少しレベルアップしたい時は、料理とワインの出身地を揃えてみましょう。和食には日本ワイン、イタリアンにはイタリアワイン、フレンチにはフランスワイン、というように。不思議なもので、料理とワインは同郷のものどうしの方が、よい相性を示してくれます。
飲むペースと保存のヒント
「1本飲みきる自信がない」という心配の背景には「あけたら1本飲みきらないといけない」という考えがあります。でも、その必要はありません。ワインを食卓に並べるのは、“おうちご飯”の美味しさの幅を広げるためであり、飲む量を誰かと競うためではないのです。ワインはちゃんと蓋をすれば、冷蔵庫で1週間は保存可能です。「これ!」と決めたとっておきのワインを、毎日少しずつ楽しむのも素敵なことです。

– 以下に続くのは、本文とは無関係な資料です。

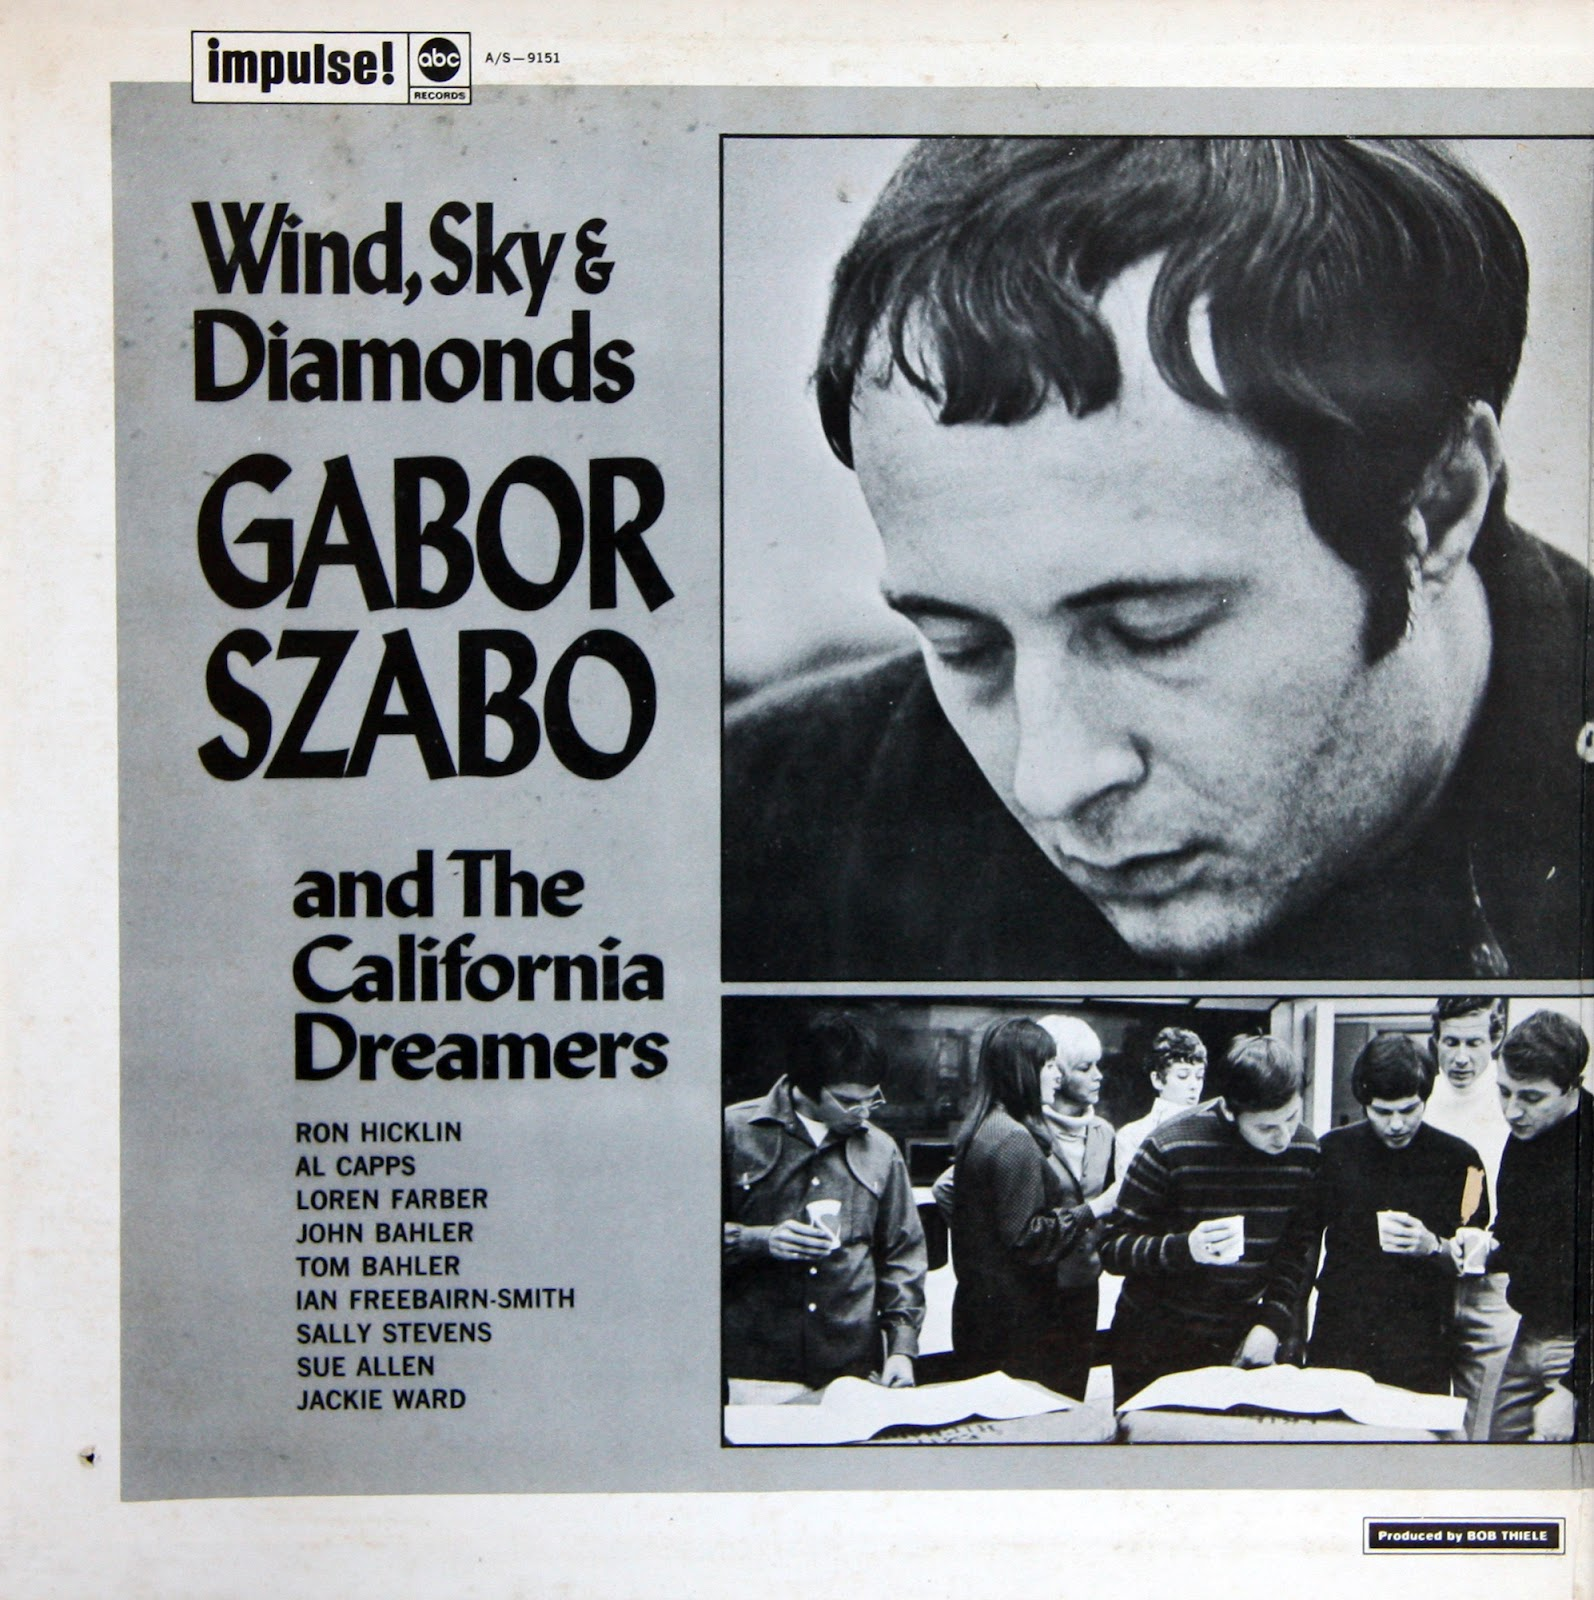 gabor szabo discography download

スクリューキャップボトルの場合は簡単に蓋ができますが、コルク栓の場合はどうしたらいいのでしょうか。答えは簡単、抜いたコルクの反対側を瓶口に挿すだけ。その後、冷蔵庫で立てて保管しましょう。より鮮度を保ちたい場合は、市販の真空ポンプをお試しあれ。数百円で手に入るので、ひとつ持っておくと便利です。
ワイン選びのヒント
スーパーやコンビニの店頭にはたくさんのワインが並び、「種類が多すぎてどれを選ぶべきかわからない」という声を耳にします。ワインの勉強をした人ならまだしも、フランス語やイタリア語で書かれたラベルの内容を理解するのは至難の技。日本語がわからない外国人に「無濾過純米大吟醸」の意味を理解してもらうようなものです。
そんな時は無理せず、ラベル表記がわかりやすい日本のワインを選びましょう。「ワインといえばヨーロッパ」はひと昔前の話。いまや、日本ワインのクオリティは世界で認められはじめています。
しかしワインを飲み慣れていない人にとって、たとえ日本ワインであってもなかなか選びにくいというのが実際のところではないでしょうか。でも、ご安心ください。Blaze A Trailの新企画“+wine on the table”では、ぜひ食卓に並べてほしい日本ワインのオススメを私が毎月ご紹介していきます。ご家庭のいつもの献立がより美味しく引き立ち、ラベルデザインにもセンスが光るものをピックアップします。
大切なのは食事を楽しむこと
「ワイングラスはどうすればいいの?ワインは冷やしていいの?ブドウの品種なんてよくわからないし、横文字が多いし、ワインってめんどくさい!」
もしそんな風に思っているとしたら、一度肩の力を抜いてみましょう。グラスは家にある普通のグラスでもOK。そこに少量注いで、ゆっくり口に含みながら、お料理との相性を楽しんでみてください。細かく温度管理をする必要はなく、冷蔵庫で冷やすだけでいいんです。ブドウの品種なんて覚えなくていいんです。大切なのは「いつもの食事にワインをあわせたら美味しさが膨らんだ!」という経験なのですから。どんなに知識があっても、そのとっておきの経験には勝りません。
もちろん、ワインをより美味しく味わうために知識を活用して工夫できたら最高ですが、兎にも角にも、まずはリラックスして“おうちご飯”を楽しみましょう。